From: Anna Ferrari <>
Date: Mon, 12 Apr 2010 01:11:56 +0200 (CEST)

Dear Vassili,

 the treatment of the quenching is implemented in FLUKA, up to
 now, only following a second order Birks parametrization.
 In this case it can be set directly in the input card.

 You want to use the Wright parametrization, that foresees only one
 parameter (eq.5 in the Kolb article): even if this is the case, I think
 that it's useful to briefly remind, first, how to proceed in the case of
 a correction 'a la Birk'. This could help to better address a solution in
 your case.

 In general the quenching correction must be applied at two different

 a) to the binned energy, that is scored via USRBIN or EVENTBIN:
    in this case you use the TCQUENCH card (see the manual);
 b) in the track reconstruction, to the deposited energy along the track:
    in this case you have to use the USERDUMP card, with sdum=UDQUENCH;
    what(2) and what(3) will be the first and the second Birks parameters,
    in g/(MeV cm2) (see the manual also in this case).

 As I understood, the two corrections are absolutely independent: if you
 are interested only to score the track variables, you can also not to use
 the first card.
 Let'see, now, how to retrieve the quenched values in the case b).
 In mgdraw.f you have to save the corrected values both along the track
 steps and for a "spot" deposition, that means:
 1) in MGDRAW, by doing the sum of the 'quenched' depositions along the
   track.

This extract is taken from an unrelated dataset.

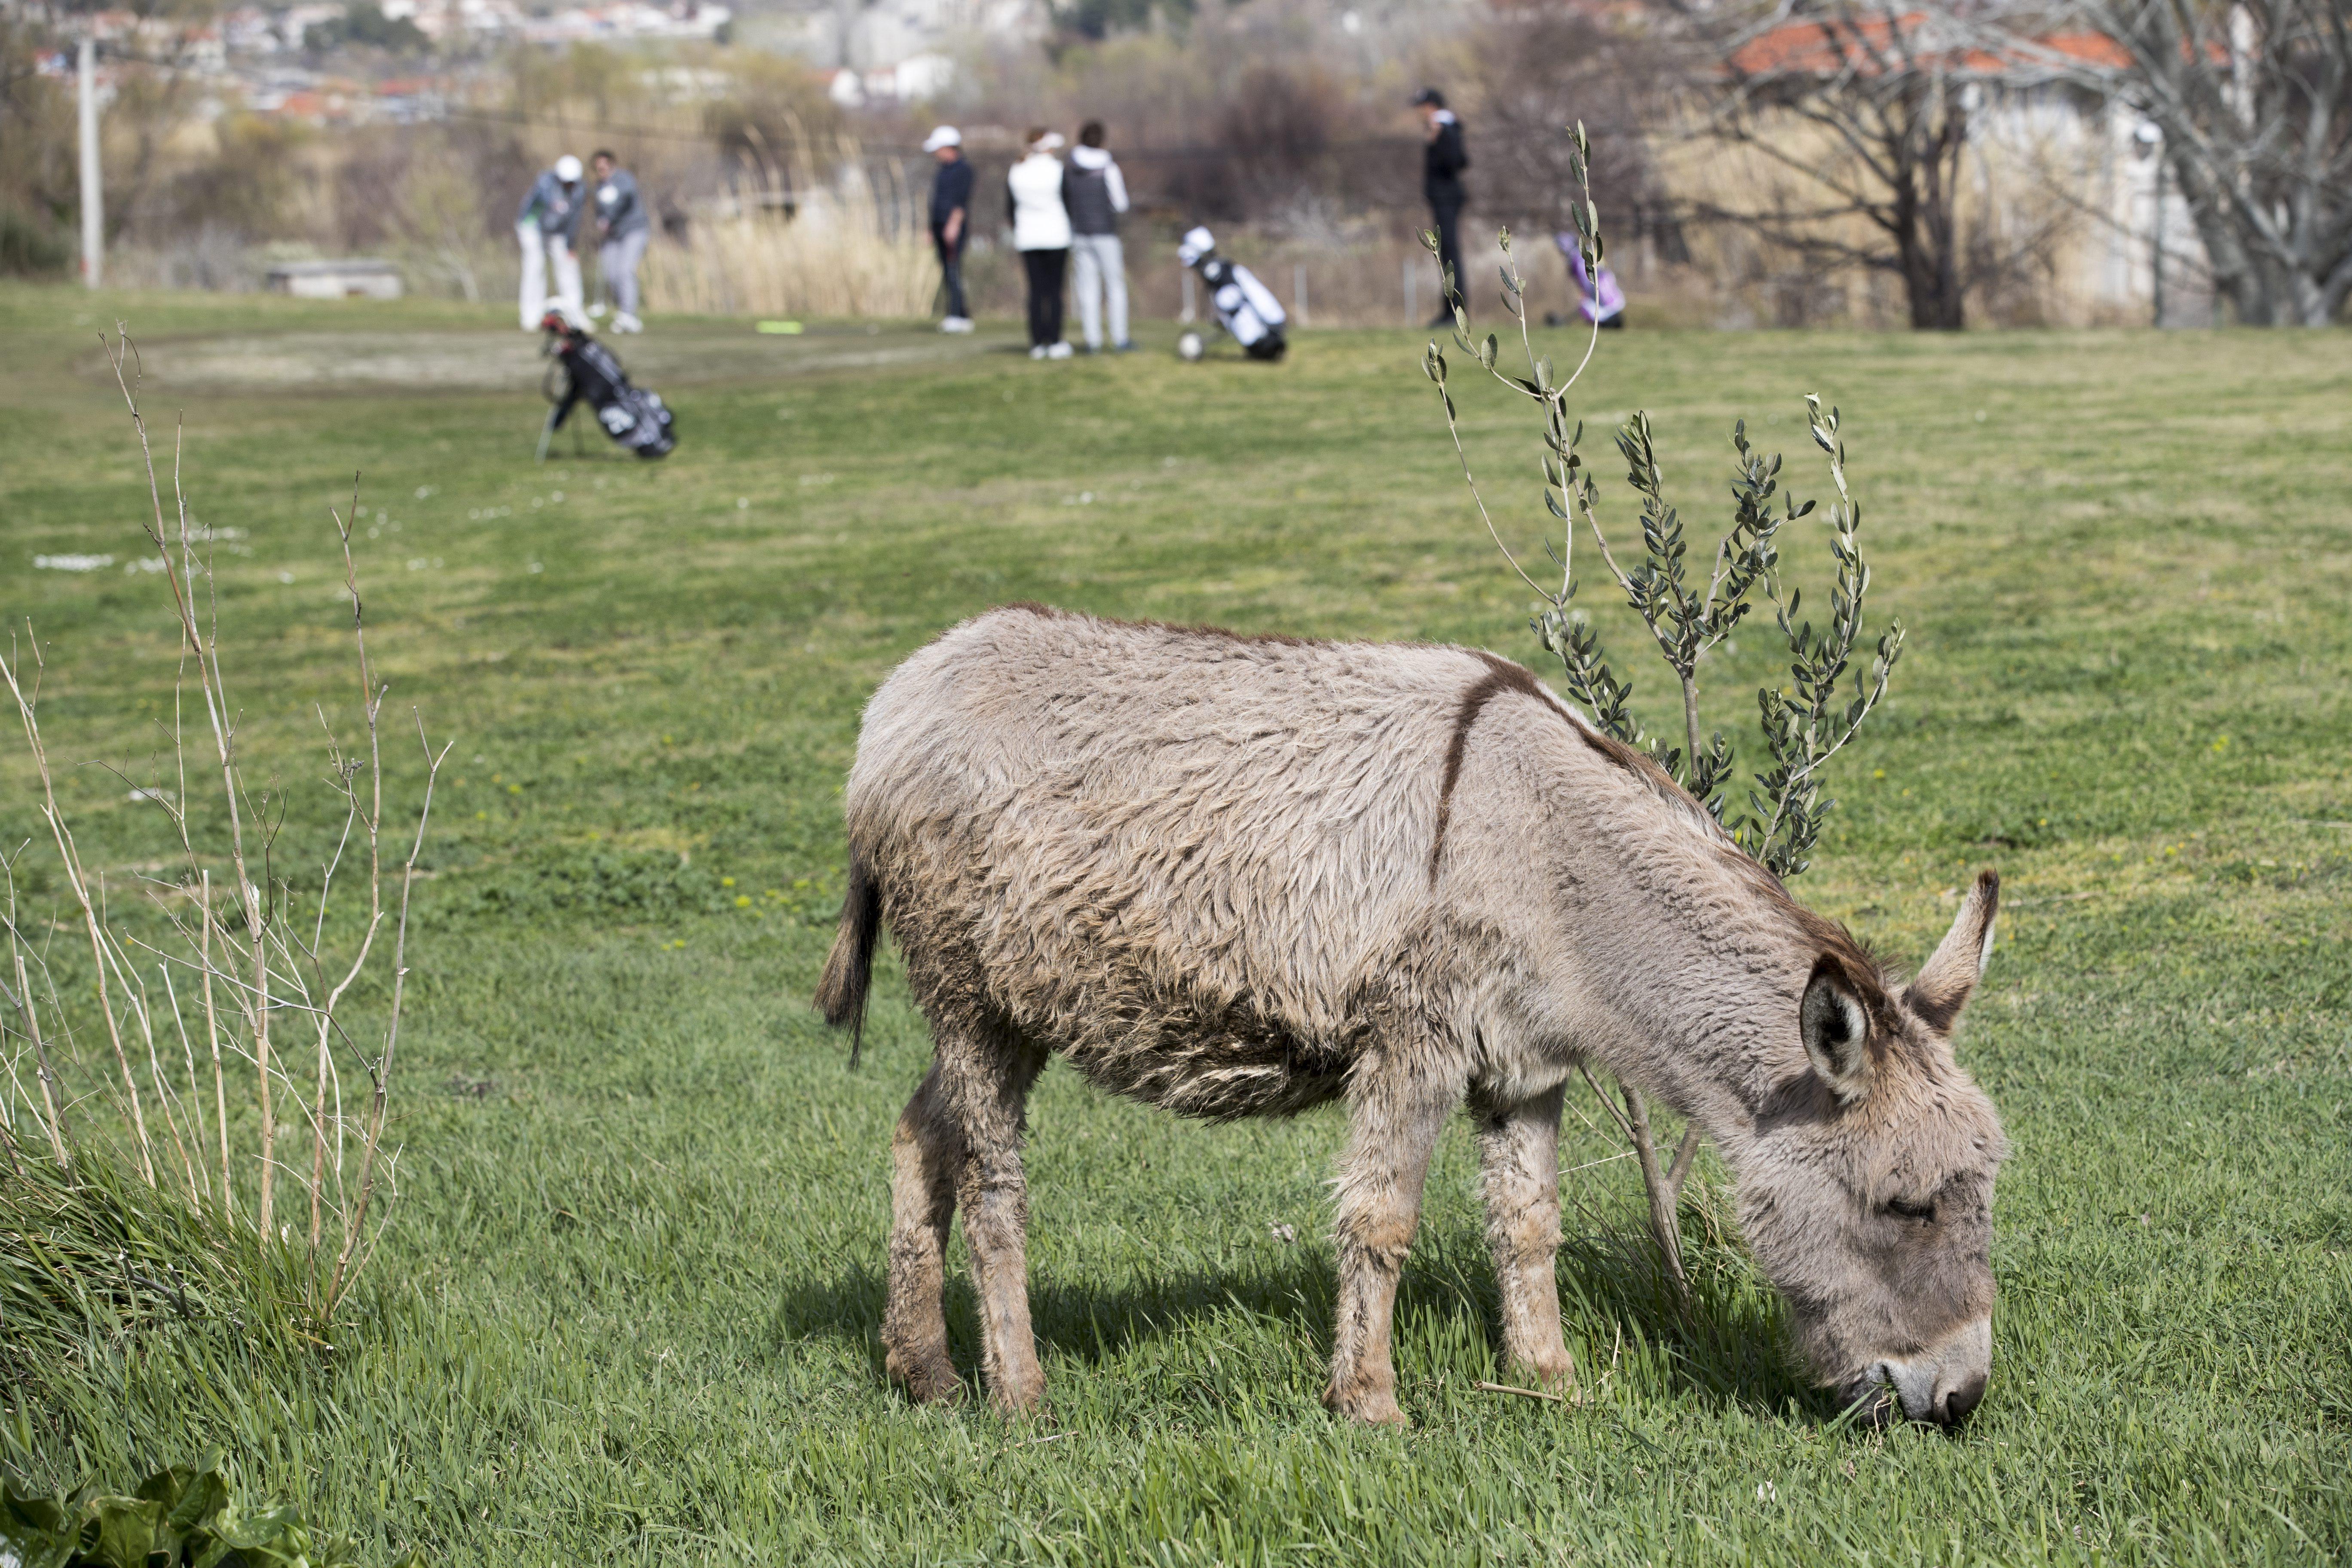 Golf, Donkey, Sport, Field

Instead of summing the original energy depositions dtrack(k)
   (with k=1,...mtrack) you have to sum the corresponding quenched
   values, that are simply given by the dtquen(k,1) output variable of the
   QUENMG routine (the second number refers to the fact that you can load
   more than one set of parameters, here I refer to the set 1).
   The routine above is called because the setting as in b) forced the
   LQEMGD variable to be .TRUE.

 2) in ENDRAW, by considering, in the same way, the value of dtquen(1,1)
   (here the first 1 means that we have only one "spot" deposit)
   instead of the value of the variable 'rull'.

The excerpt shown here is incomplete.